> _Assignment_
Leave out the pictures and repeat the data exactly.

(The data)

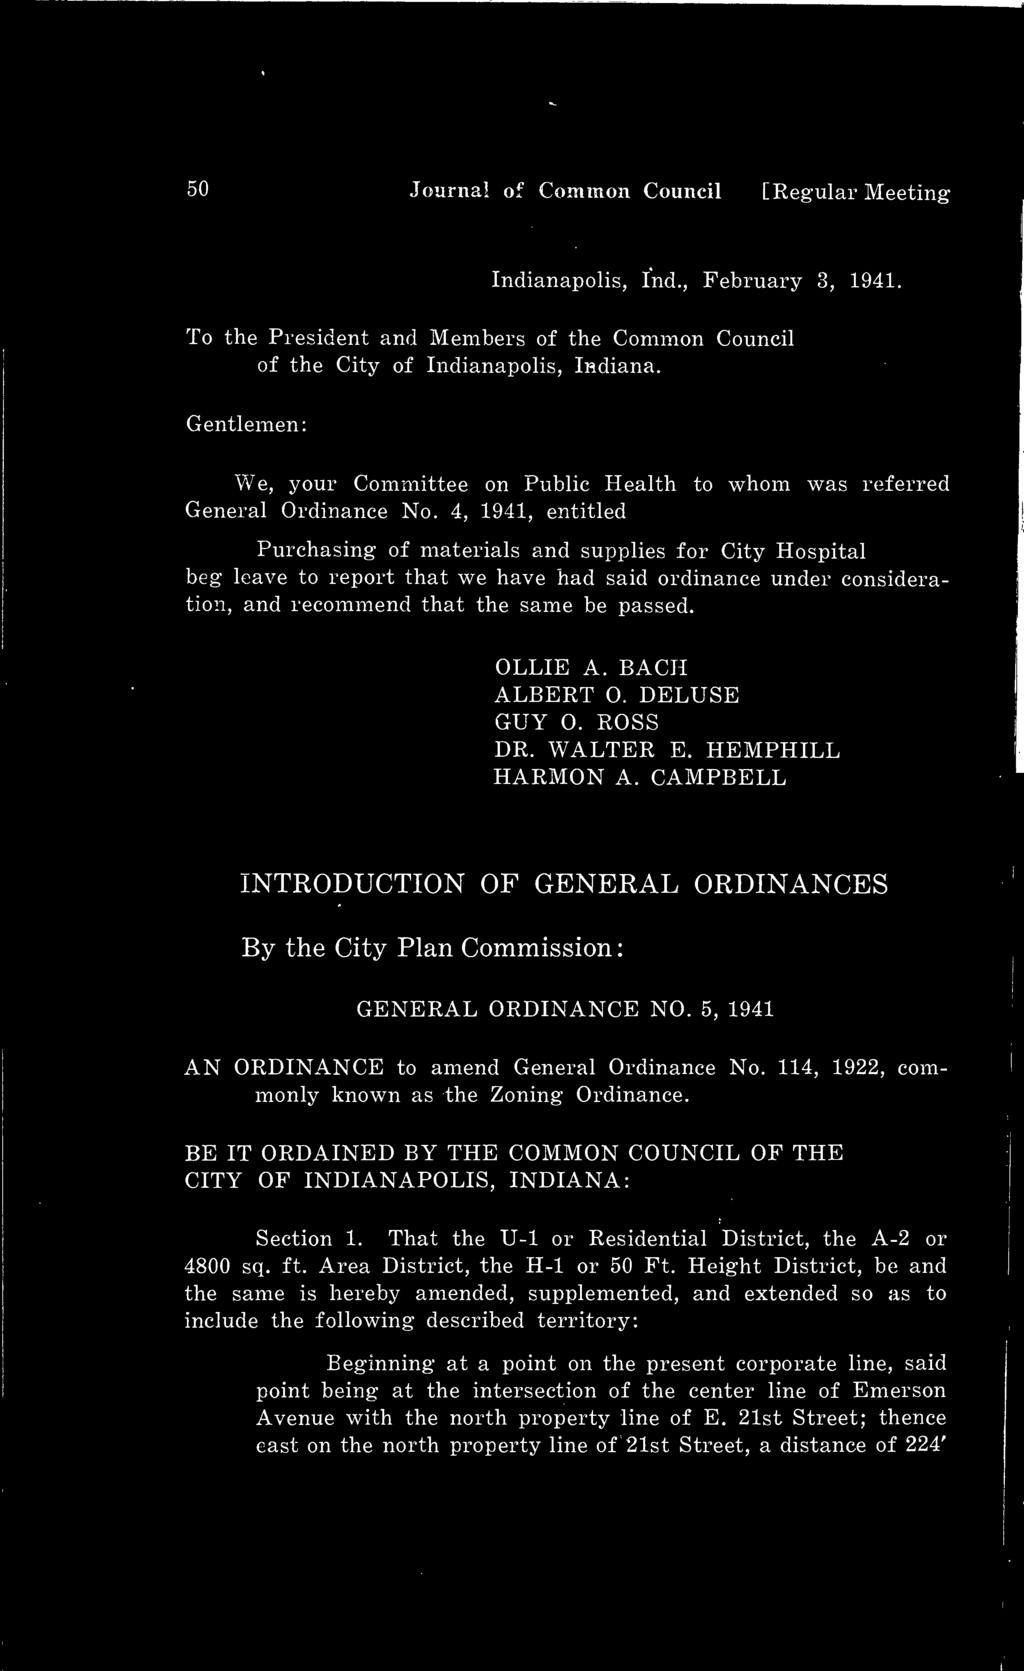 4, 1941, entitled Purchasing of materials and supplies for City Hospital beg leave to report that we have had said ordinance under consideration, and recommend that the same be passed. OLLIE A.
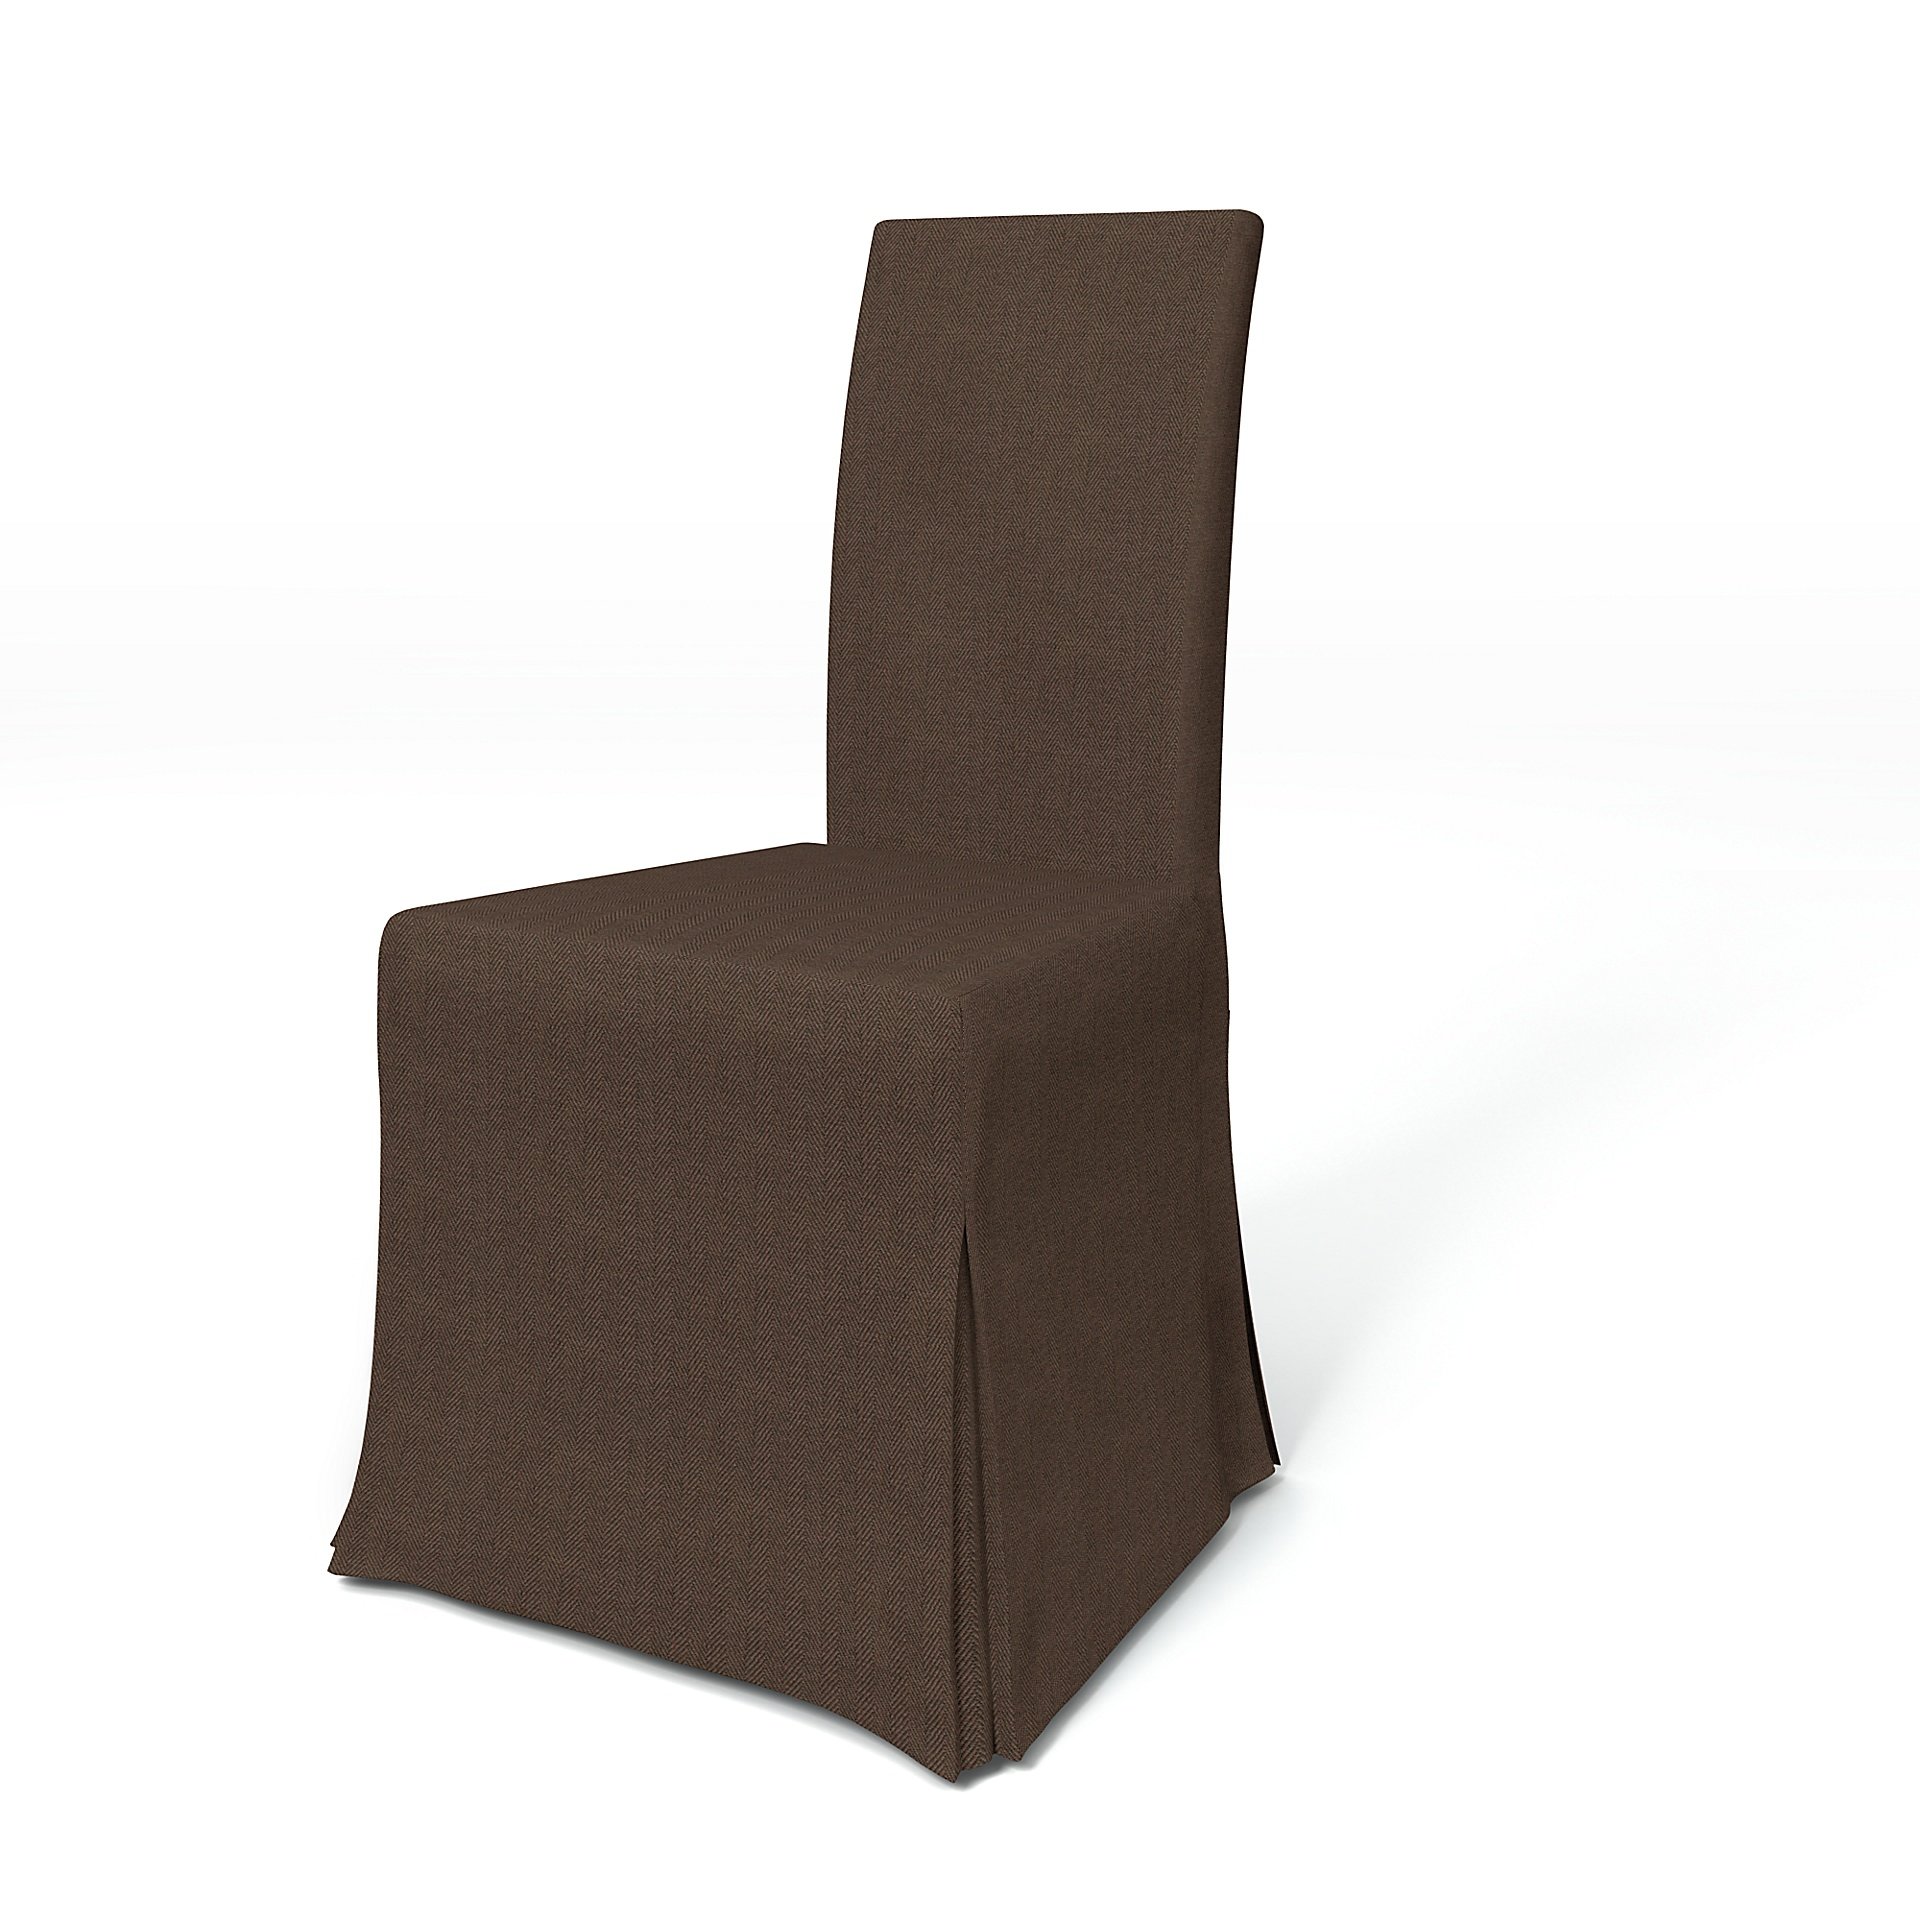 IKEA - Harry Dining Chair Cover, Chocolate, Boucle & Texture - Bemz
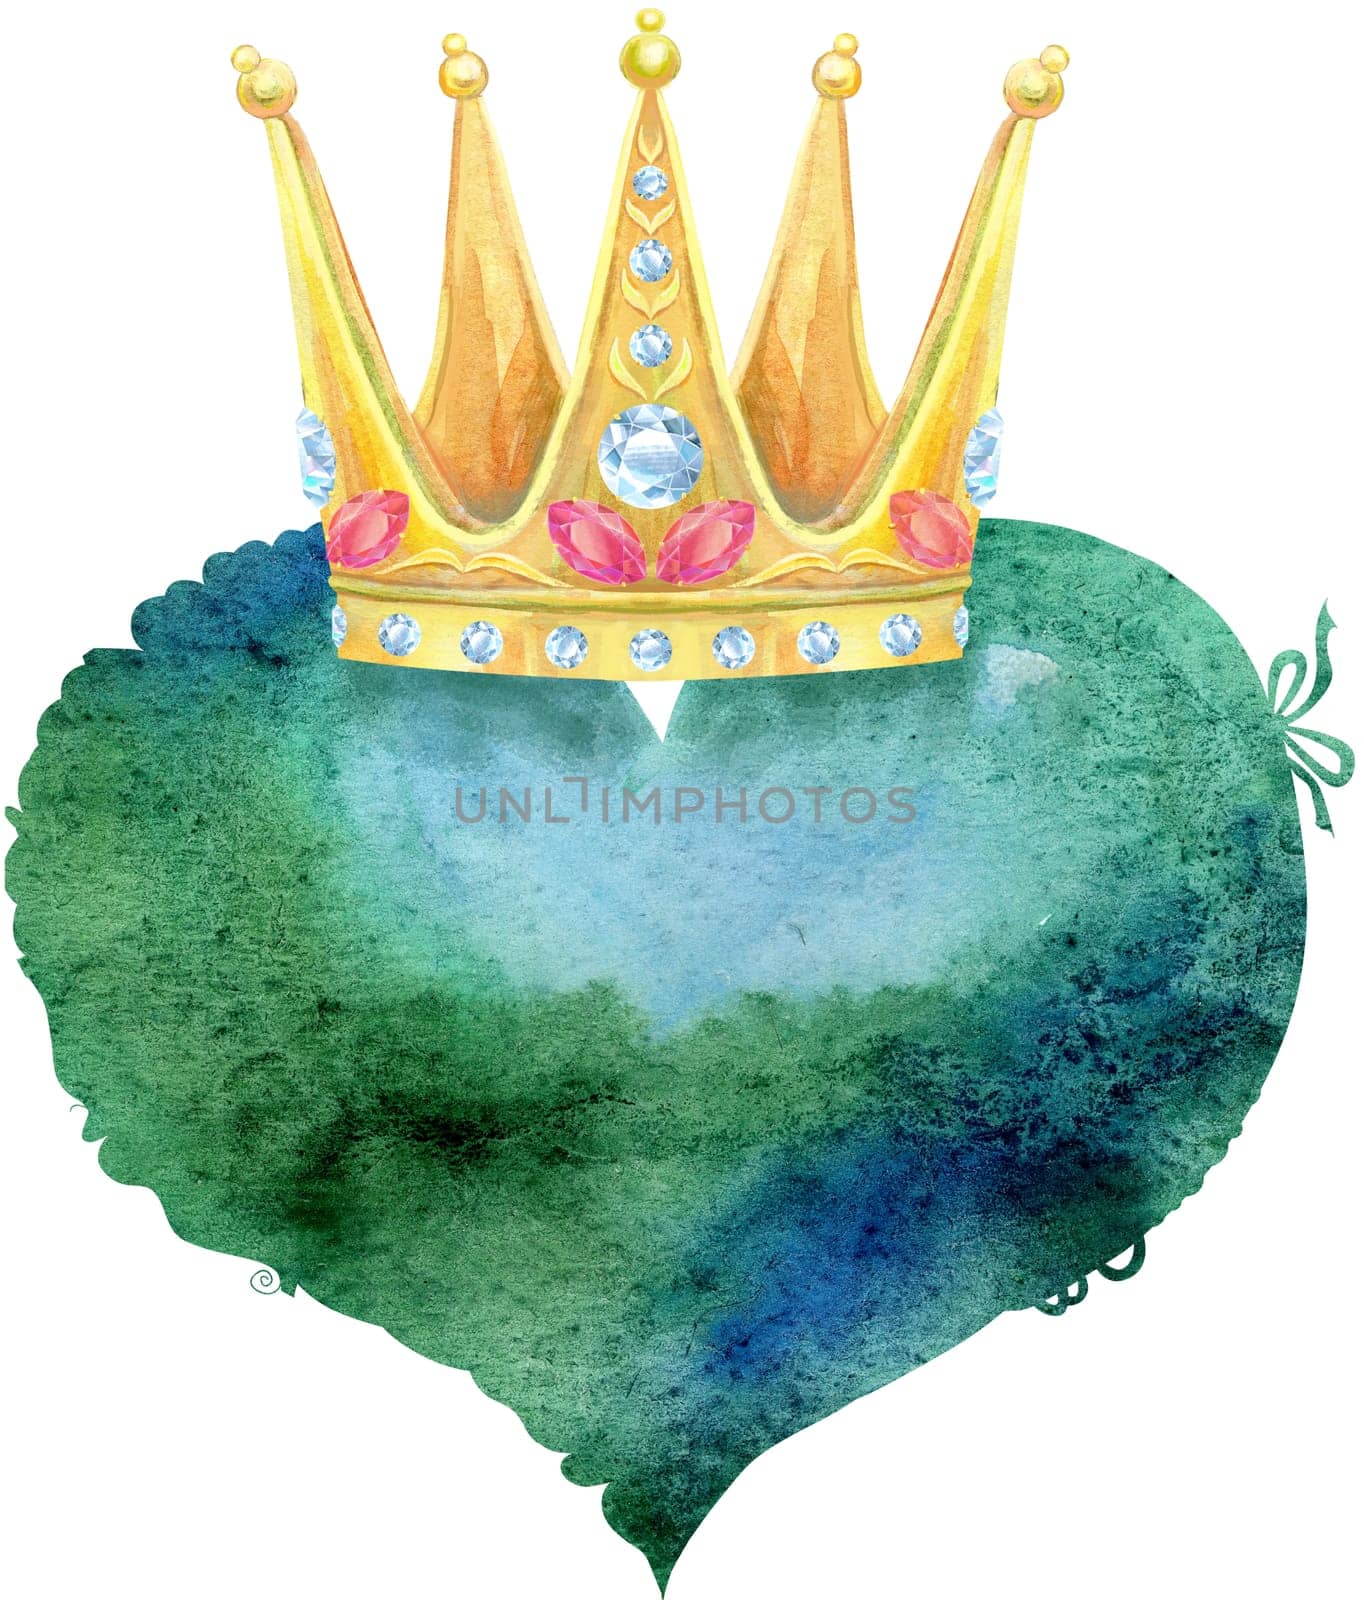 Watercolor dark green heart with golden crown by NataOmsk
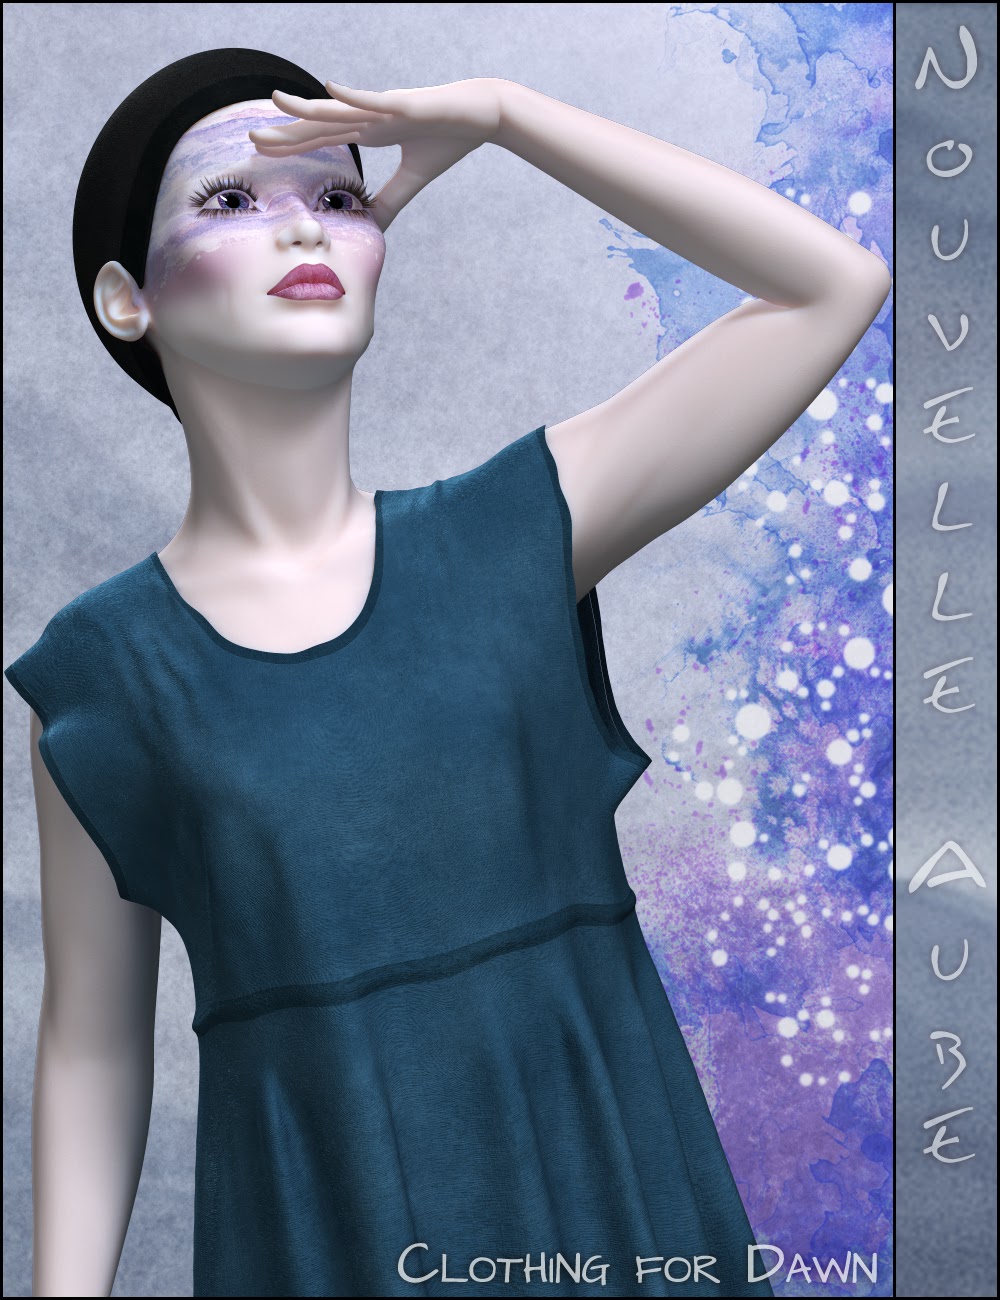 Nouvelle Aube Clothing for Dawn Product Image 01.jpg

(End The data)

> _Exercise result_
 4, 1941, entitled Purchasing of materials and supplies for City Hospital beg leave to report that we have had said ordinance under consideration, and recommend that the same be passed. OLLIE A.
 IKEA - Harry Dining Chair Cover, Chocolate, Boucle & Texture - Bemz
 Watercolor dark green heart with golden crown by NataOmsk
 Nouvelle Aube Clothing for Dawn Product Image 01.jpg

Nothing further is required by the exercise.